2. Use the async API in your code:
   
   import asyncio
   from qwen_inference import AsyncQwenInference
   
   async def main():
       async with AsyncQwenInference(model_name="Qwen/Qwen2.5-7B-Instruct") as client:
           # Single request
           answer = await client.generate_single("What is 2+2?")
           
           # Many concurrent requests (vLLM batches them automatically)
           questions = ["Question 1?", "Question 2?", ...]
           answers = await client.generate_batch(questions)
   
   asyncio.run(main())
"""
import asyncio
from typing import Optional
import httpx


class AsyncQwenInference:
    """Async wrapper for Qwen inference via vLLM server."""
    
    def __init__(
        self,
        model_name: str = "Qwen/Qwen2.5-7B-Instruct",
        base_url: str = "http://localhost:8000/v1",
        timeout: float = 300.0,
        system_message: str | None = None,
    ):
        """
        Initialize the async inference client.
        
        Args:
            model_name: Model name (must match what's loaded in vLLM server)

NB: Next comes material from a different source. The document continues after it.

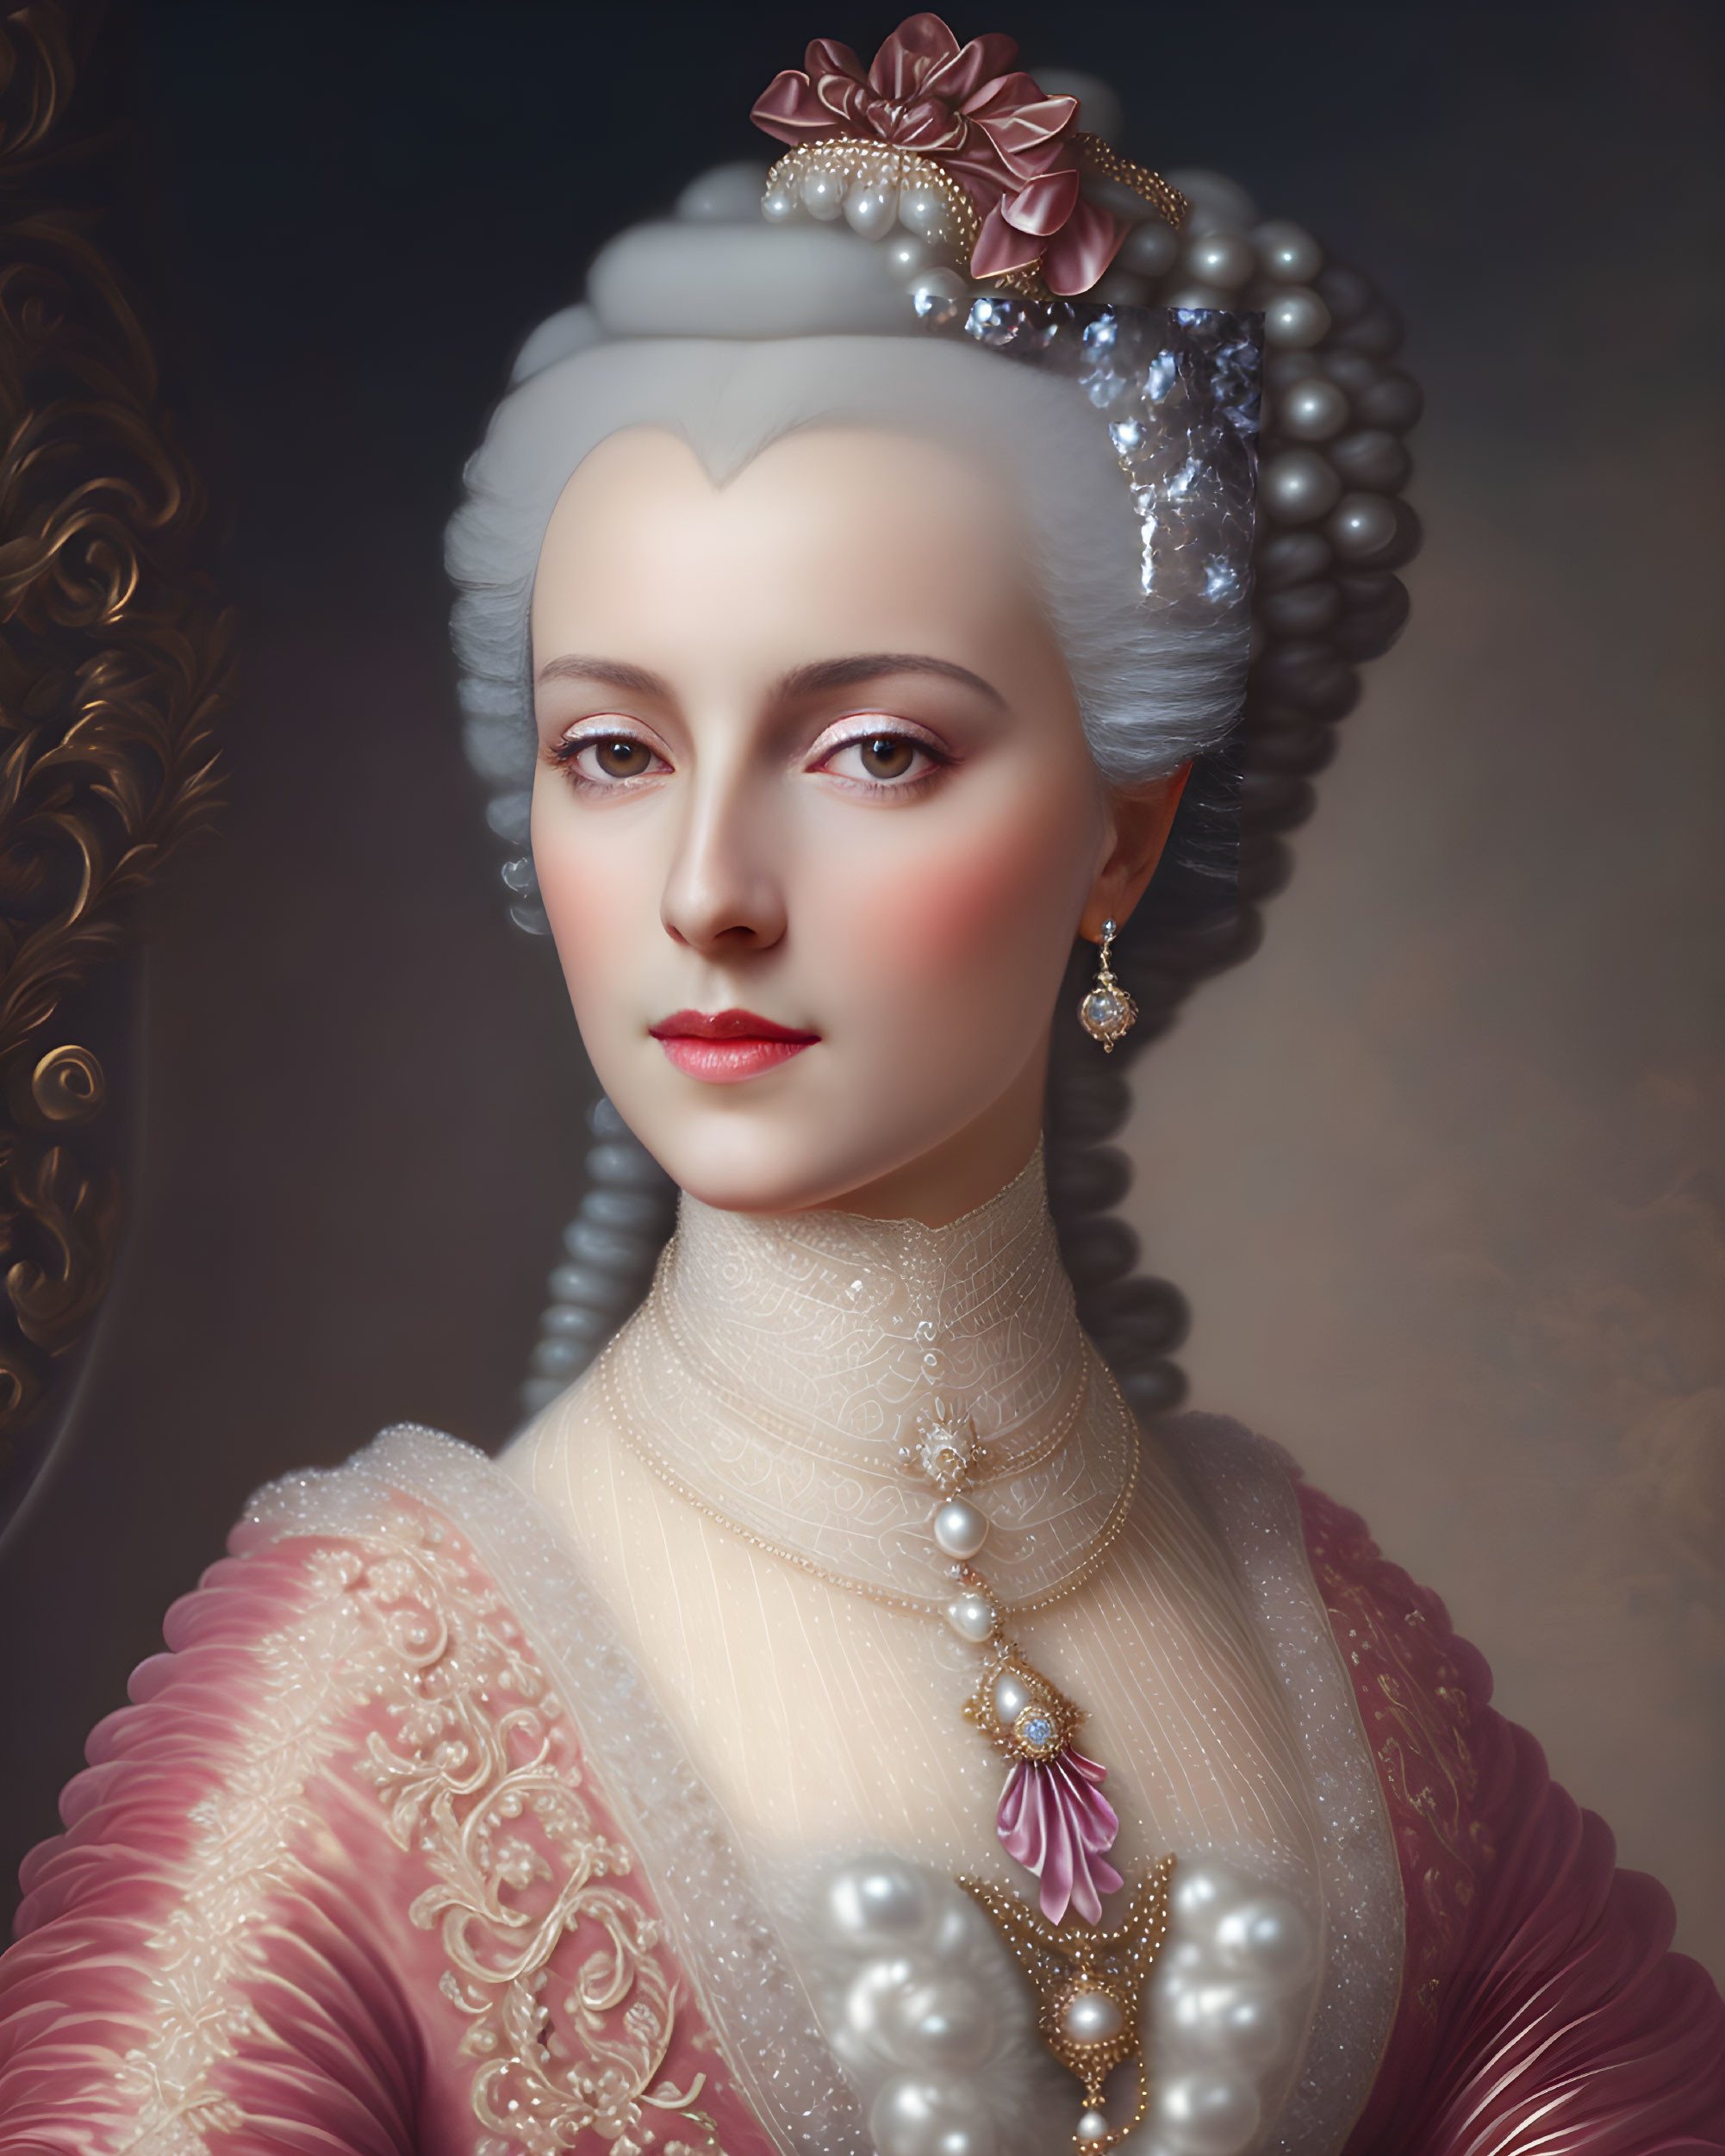 Classic Portrait of Woman with High Hairstyle & Pearls

            base_url: Base URL of the vLLM server (OpenAI-compatible API)
            timeout: Request timeout in seconds (default 5 minutes for long generations)

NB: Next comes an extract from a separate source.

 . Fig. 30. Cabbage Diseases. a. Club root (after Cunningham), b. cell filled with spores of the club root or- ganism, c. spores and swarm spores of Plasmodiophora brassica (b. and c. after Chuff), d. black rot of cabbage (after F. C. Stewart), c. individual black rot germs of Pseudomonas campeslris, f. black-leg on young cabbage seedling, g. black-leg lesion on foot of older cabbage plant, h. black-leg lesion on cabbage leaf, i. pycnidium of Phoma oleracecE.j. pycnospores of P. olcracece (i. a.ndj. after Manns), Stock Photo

            system_message: Optional system message for all requests
        """
        self.model_name = model_name
        self.base_url = base_url
        self.timeout = timeout
        self.system_message = system_message
        self.client = httpx.AsyncClient(timeout=timeout)
        
        # Default generation parameters
        self.default_params = {
            "temperature": 0.0,  # Greedy decoding for consistency
            "max_tokens": 256,
            "top_p": 1.0,
        }
    
    async def close(self):
        """Close the HTTP client."""
        await self.client.aclose()
    
    async def __aenter__(self):
        """Async context manager entry."""
        return self
    
    async def __aexit__(self, exc_type, exc_val, exc_tb):
        """Async context manager exit."""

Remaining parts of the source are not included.